2. The valve train mechanism of claim 1 wherein said cross member
has one end thereof supported for pivotal movement by said cylinder
head and has the other end thereof provided with a roller located
in a groove formed in the associated inverted bucket tappet.
3. The valve train mechanism of claim 2 wherein said one end of
said cross member is supported by a ball portion mounted in said
cylinder head, and said roller and groove connection including a
roller rotatably supported by a shaft at the other end of said
cross member whereby the center of the contact point between said
ball and socket connection and said cross member is located below a
line passing through the center of said shaft and the center of
said ball portion.
4. The valve train mechanism of claim 1 wherein said cross member
is part of a "T" bridge having a body portion supported for
reciprocal movement by a guide pin secured to said cylinder head
between said pair of valves.
5. The valve train mechanism of claim 4 wherein the longitudinal
center axis of said guide pin is located in a plane passing through
the longitudinal axes of said pair of valves.
6. A valve train mechanism for an internal combustion engine having
a cylinder head fixedly mounted on an engine block provided with
one or more cylinders each of which has a piston reciprocally
supported therein along the axial center line of the associated
cylinder, a hemispherical combustion chamber in each of said
cylinders of said engine and being defined by a curved recess in
said cylinder head and the top of said piston, a pair of exhaust
valves and a pair of intake valves located in said cylinder head,
each of said pair of exhaust valves and each of said pair of intake
valves being inclined outwardly from said combustion chamber at
substantially equi-angular orientation relative to said axial
center line and having an inverted bucket tappet mounted on the
upper end thereof, a first cross member for moving said pair of
exhaust valves between open and closed positions and a second cross
member for moving said pair of intake valves between an open
position and a closed position, a first rocker arm for actuating
said first cross member and a second rocker arm for actuating said
second cross member, a swivel connection located between each of
said rocker arms and cross members, said first cross member and
said second cross member each having a roller and groove connection
with at least one of the inverted bucket tappets of the associated
pair of valves and cooperating with the associated swivel
connection for assuring that the cross member moves in a plane
passing through the longitudinal center axes of the valve stems of
said associated pair of valves so as to maintain the cross member
in proper alignment with the associated valves during the actuation
thereof by the associated rocker arm.
7. The valve train mechanism of claim 6 wherein said roller and
groove connection is provided at each end of said first and second
cross members for cooperation with an associated inverted bucket
tappet.
8. The valve train mechanism of claim 7 wherein said roller and
groove connection consists of a roller mounted for rotation on a
shaft at each end of said first and second cross members and a
groove formed in the associated inverted bucket tappet.

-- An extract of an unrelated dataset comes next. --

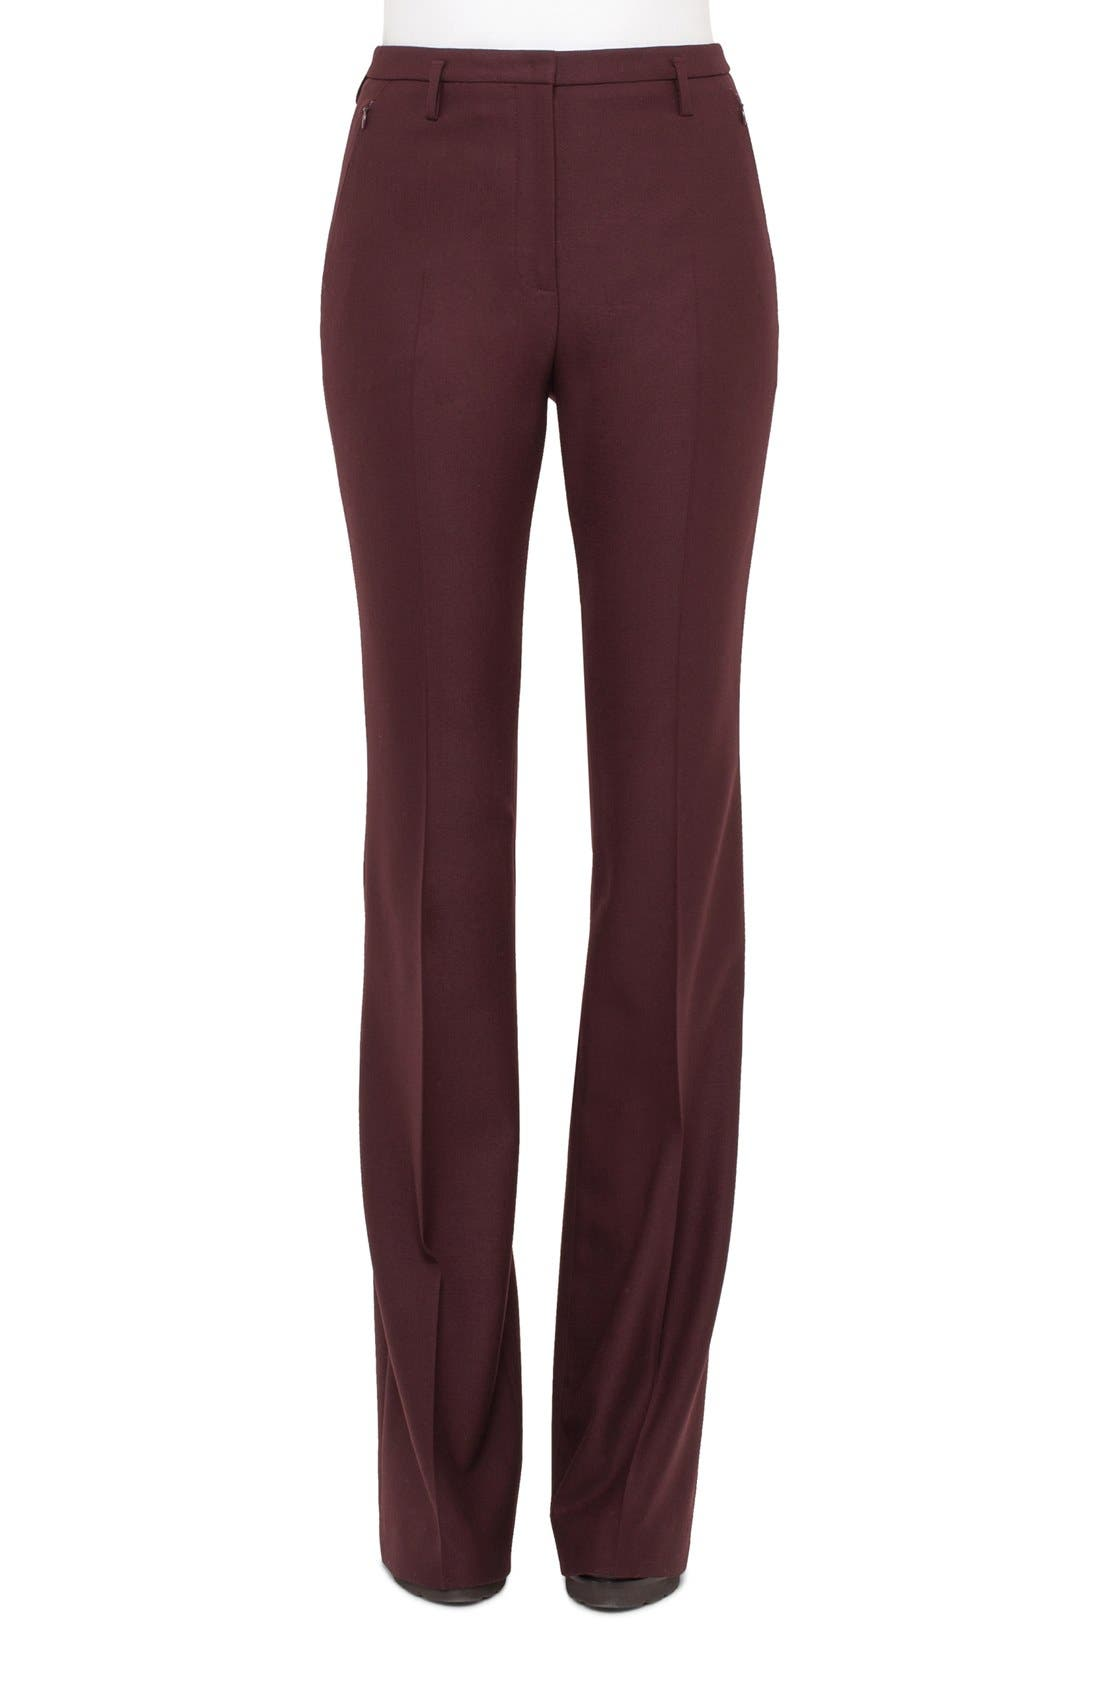 Main Image - Akris 'Fairytale' Stretch Wool Flannel Pants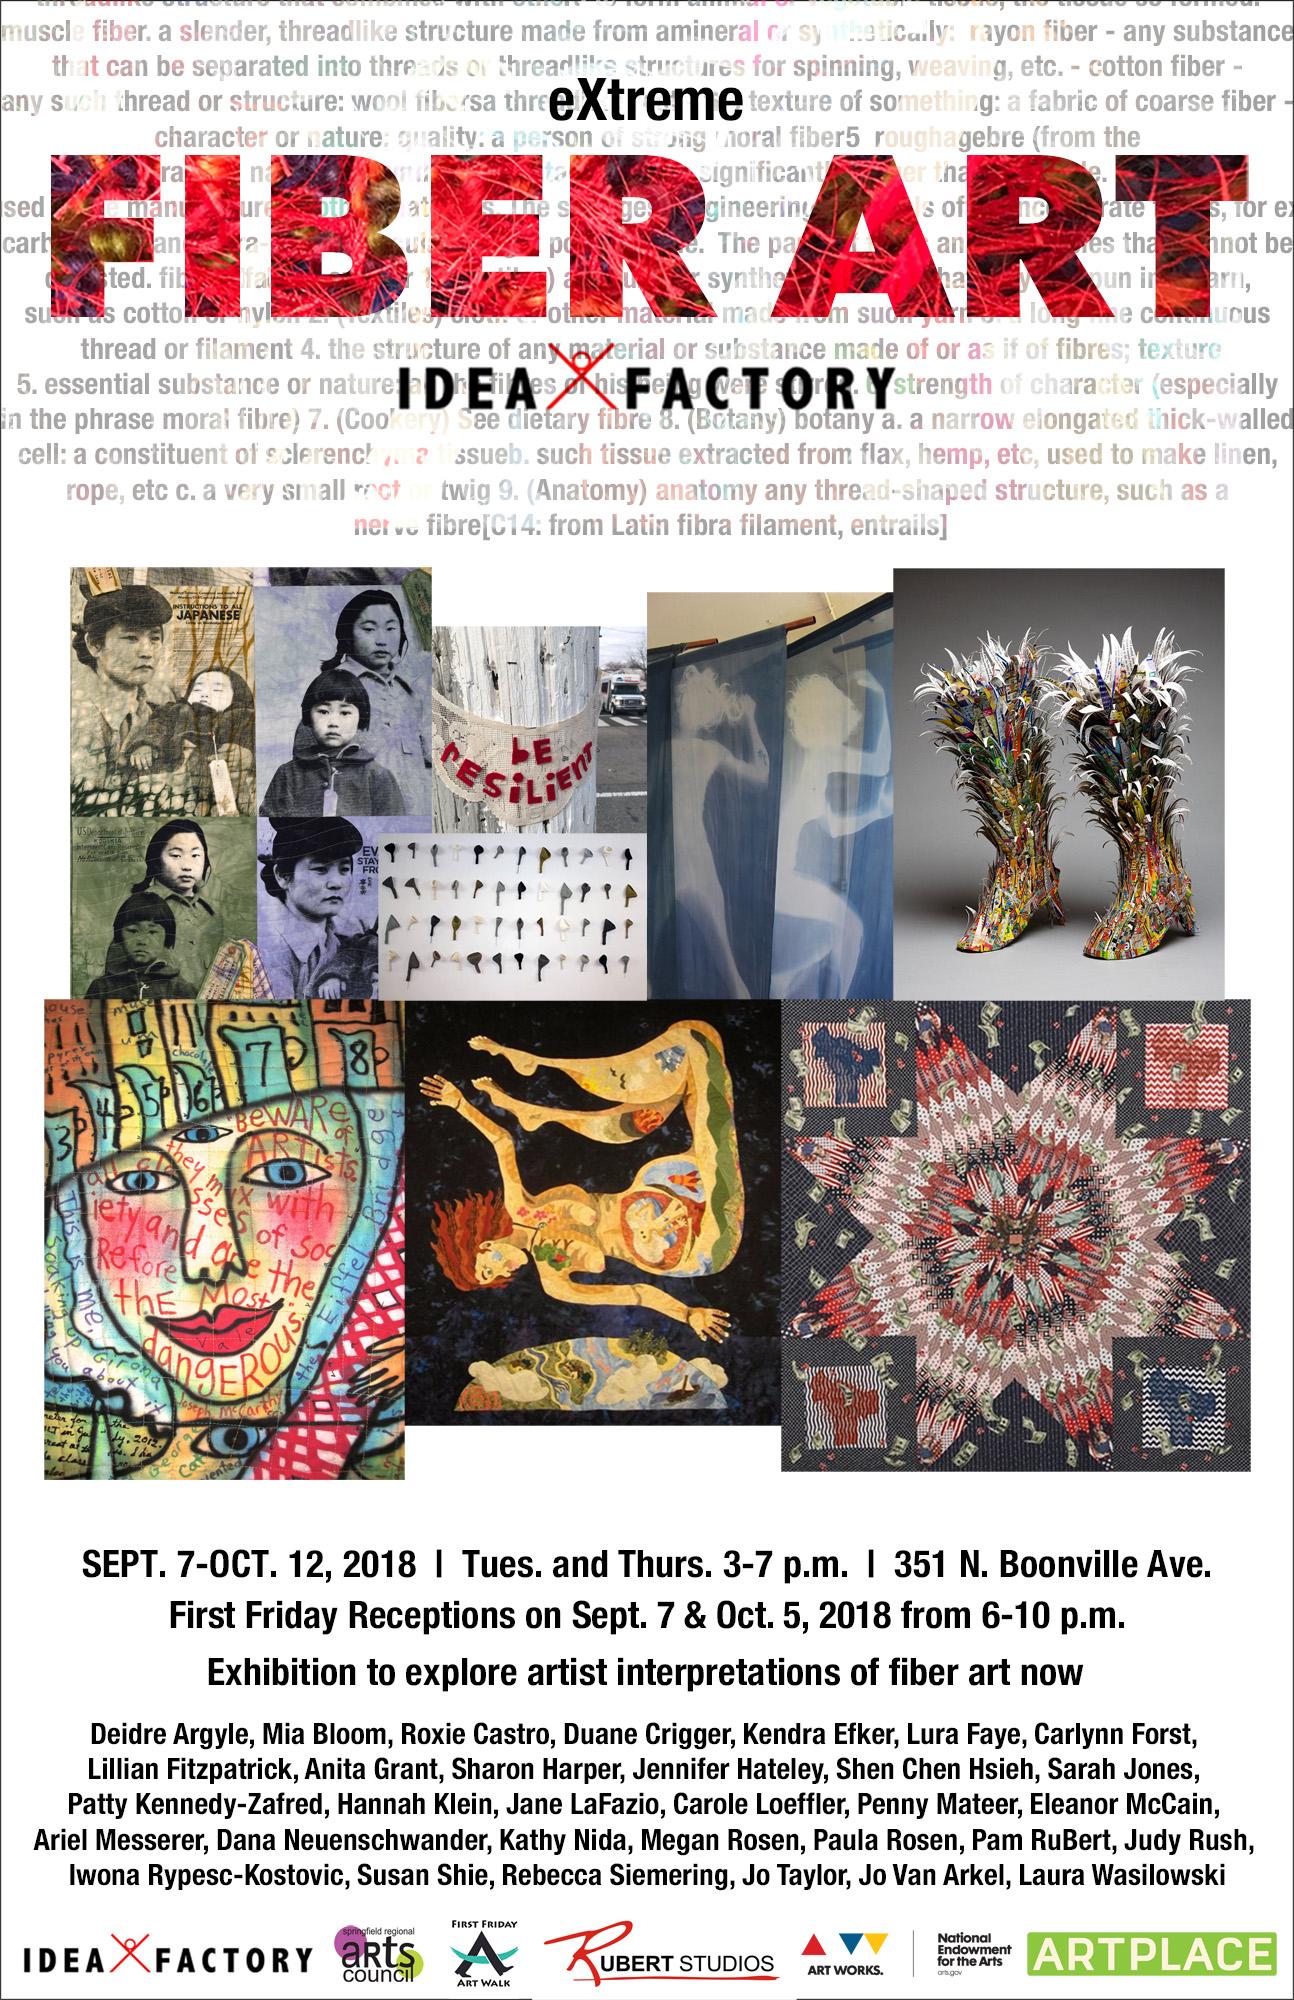 eXtreme Fiber Art exhibition Sept. 7-Oct. 12

9. The valve train mechanism of claim 8 wherein the center of the
contact point between said swivel connection and an associated
cross member is located below a line passing through the centers of
the shafts supporting the rollers at the opposed ends of said
associated cross member.
10. A valve mechanism for an internal combustion engine having a
cylinder head fixedly mounted on an engine block provided with one
or more cylinders each of which has a piston reciprocally supported
therein along the axial center line of the associated cylinder, a
combustion chamber in each of said cylinders of said engine and
being defined by a curved recess in said cylinder head and the top
of said piston, said valve mechanism comprising a pair of exhaust
valves and a pair of intake valves located in said cylinder head,
each of said pair of exhaust valves and each of said pair of intake
valves being inclined outwardly from said combustion chamber at
substantially equi-angular orientation relative to said axial
center line and having an inverted bucket tappet mounted on the
upper end thereof, one of the tappets of said pair of exhaust
valves and one of the tappets of said pair of intake valves having
a groove formed therein, a first cross-member for moving said pair
of exhaust valves between an open position and a closed position
and a second cross member for moving said pair of intake valves
between open and closed positions, a first rocker arm for actuating
said first cross member and a second rocker arm for actuating said
second cross member, a swivel connection located between each of
said rocker arms and associated cross member, said first cross
member and said second cross member each having a first end and a
second end and having each of said ends supporting a roller for
operatively engaging the tappets of the associated pair of valves,
the arrangement being such that one of the rollers of each of said
cross members is located in said groove in one of the tappets and
cooperates therewith for maintaining said cross member in proper
alignment with the associated valves during the actuation thereof
by the associated rocker arm.
Description
FIELD OF THE INVENTION
This invention concerns internal combustion engines and, more
particularly, relates to an engine valve train mechanism with
angulated intake valves and exhaust valves extending from a curved
upper wall of the combustion chamber and having a cross member for
actuating the intake and exhaust valves through a roller and groove
arrangement.
BACKGROUND OF THE INVENTION
In the past, there have been various forms of valve trains proposed
for multi-valve engines. One example can be seen in my U.S. Pat.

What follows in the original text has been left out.